Data block Start Marker

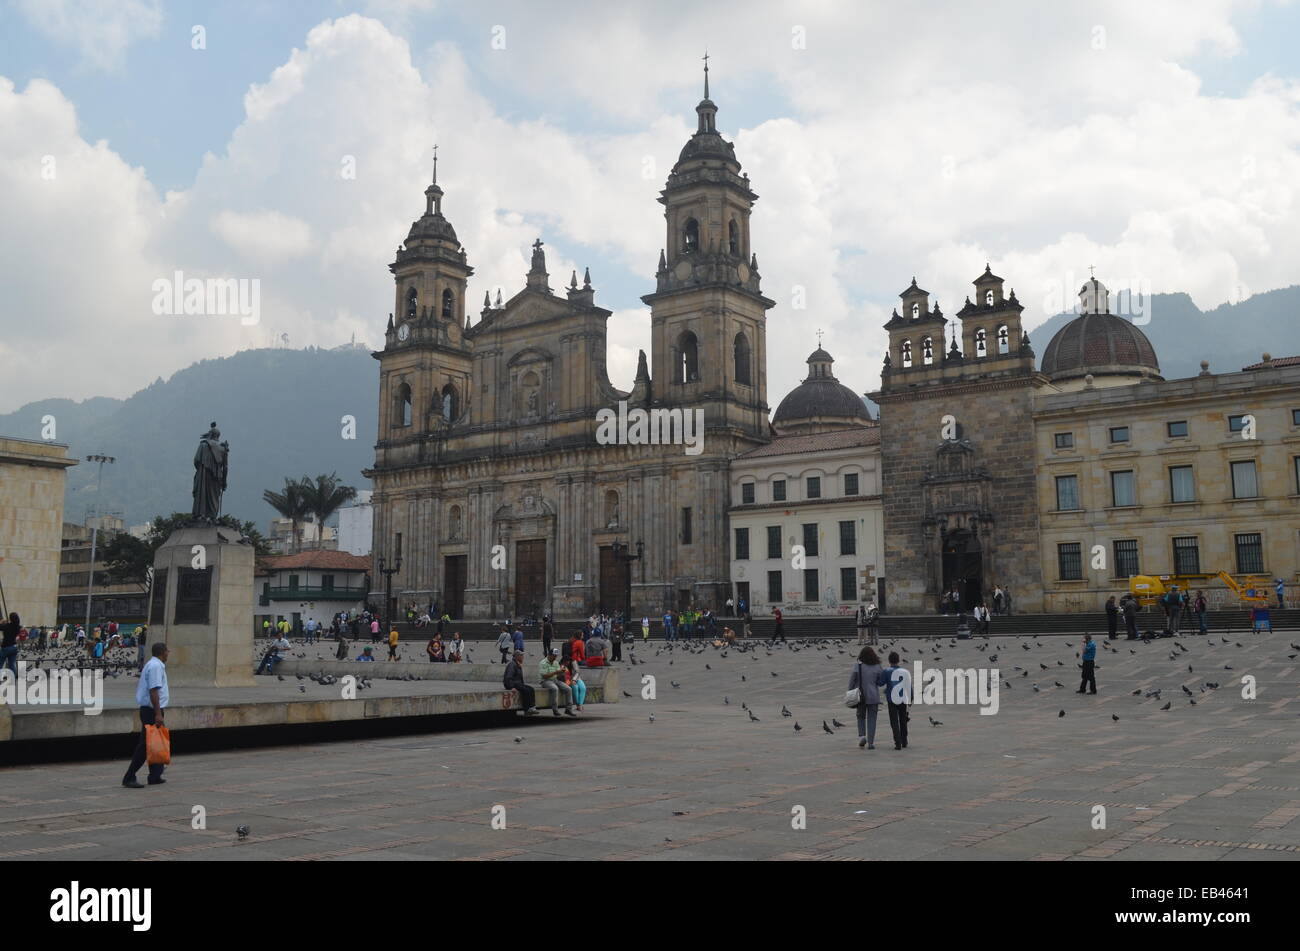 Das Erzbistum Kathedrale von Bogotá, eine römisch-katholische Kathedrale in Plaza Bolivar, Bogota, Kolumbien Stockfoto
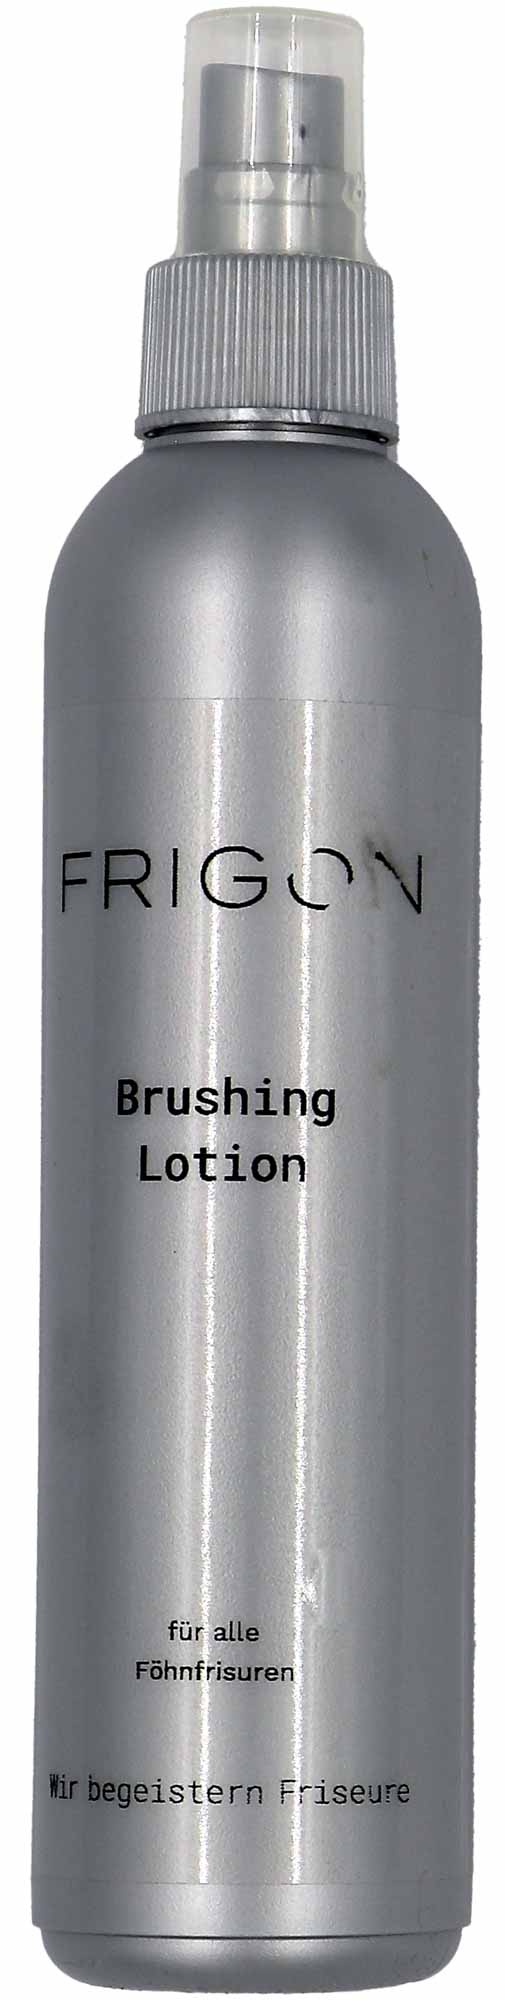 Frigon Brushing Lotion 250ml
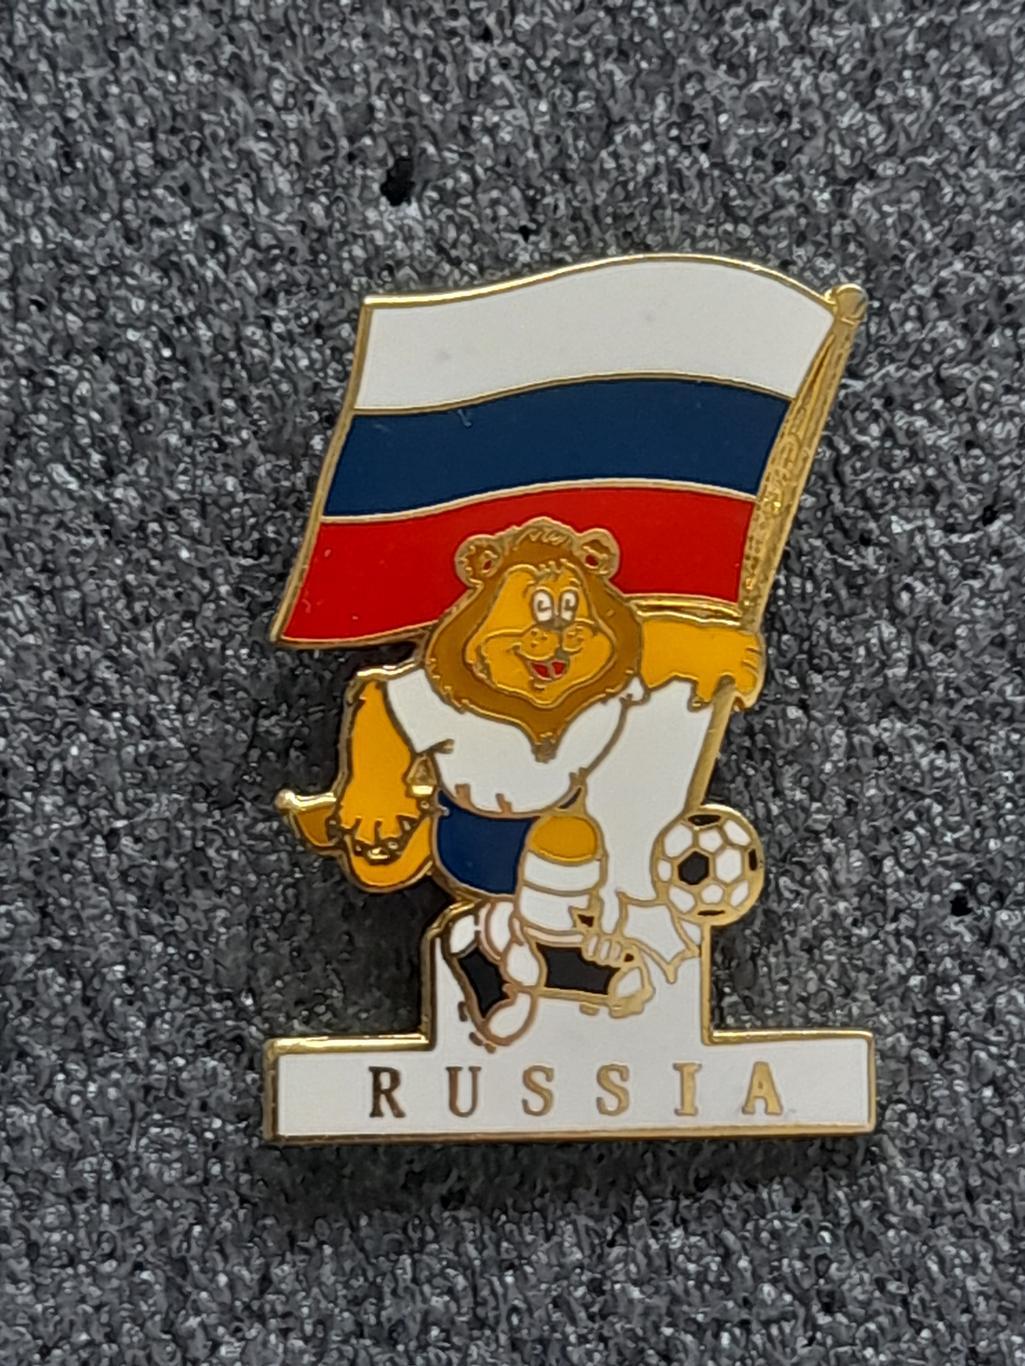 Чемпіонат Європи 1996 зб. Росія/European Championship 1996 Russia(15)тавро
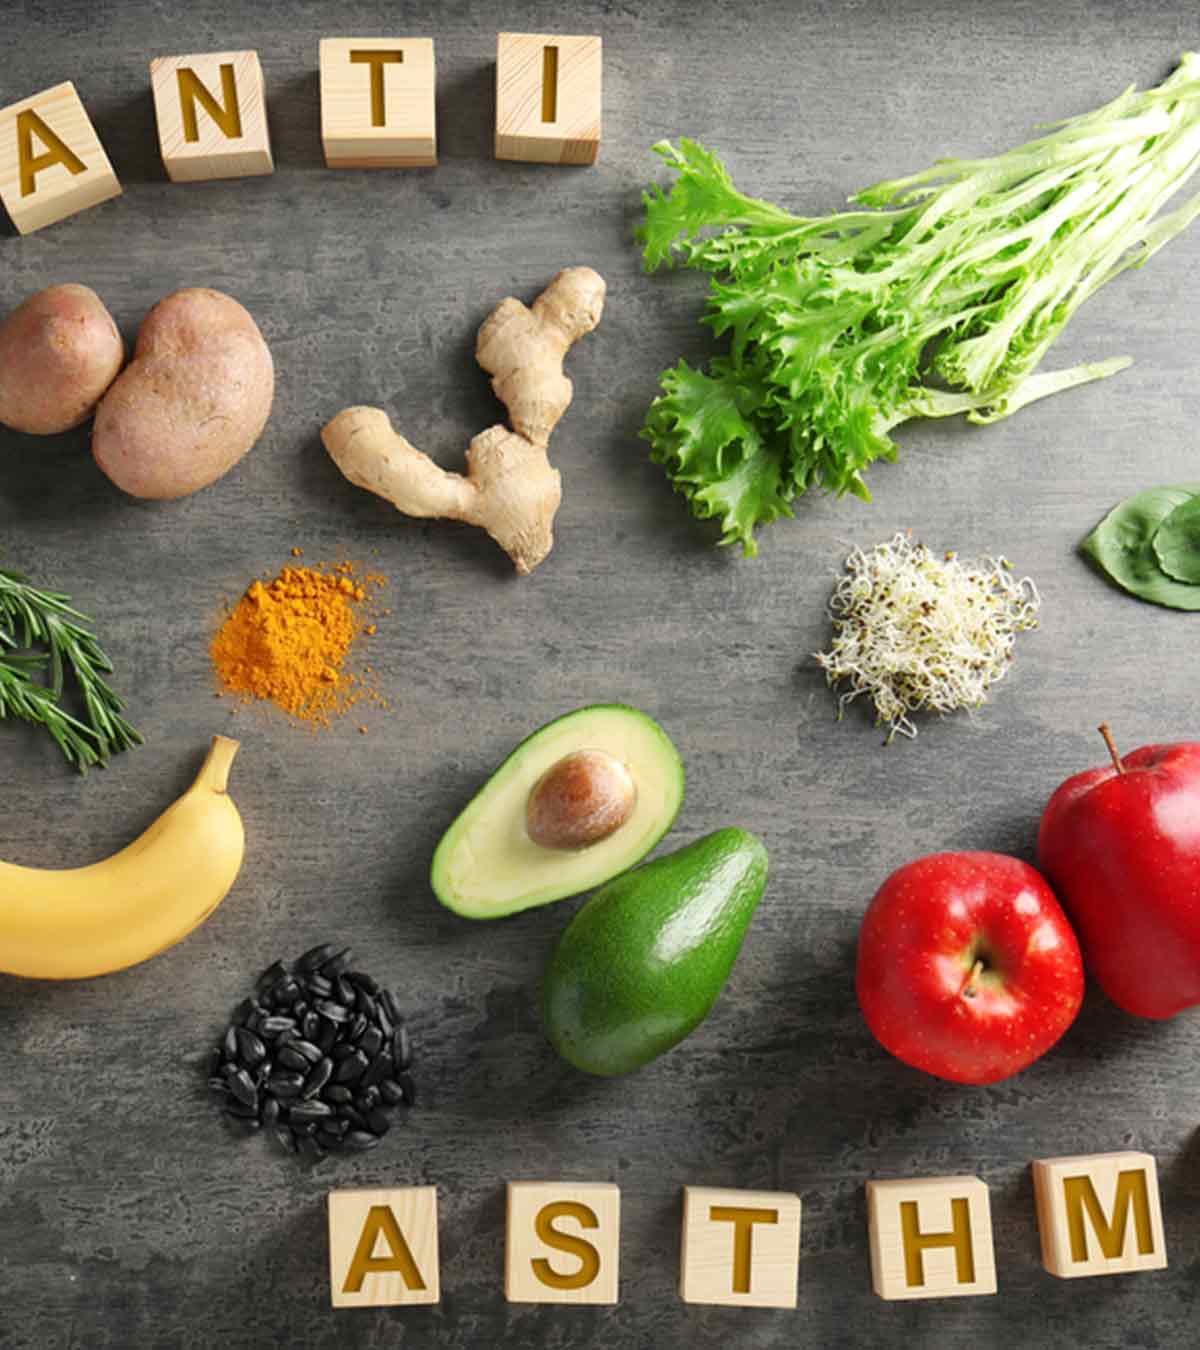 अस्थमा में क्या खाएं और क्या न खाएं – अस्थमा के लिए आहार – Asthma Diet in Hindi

Data block End Marker

* _What is required_
Retype all the data exactly. Omit pictures.

* _Solution for this exercise_
 Das Erzbistum Kathedrale von Bogotá, eine römisch-katholische Kathedrale in Plaza Bolivar, Bogota, Kolumbien Stockfoto
 Frigon Brushing Lotion 250ml
 Чемпіонат Європи 1996 зб. Росія/European Championship 1996 Russia(15)тавро
 अस्थमा में क्या खाएं और क्या न खाएं – अस्थमा के लिए आहार – Asthma Diet in Hindi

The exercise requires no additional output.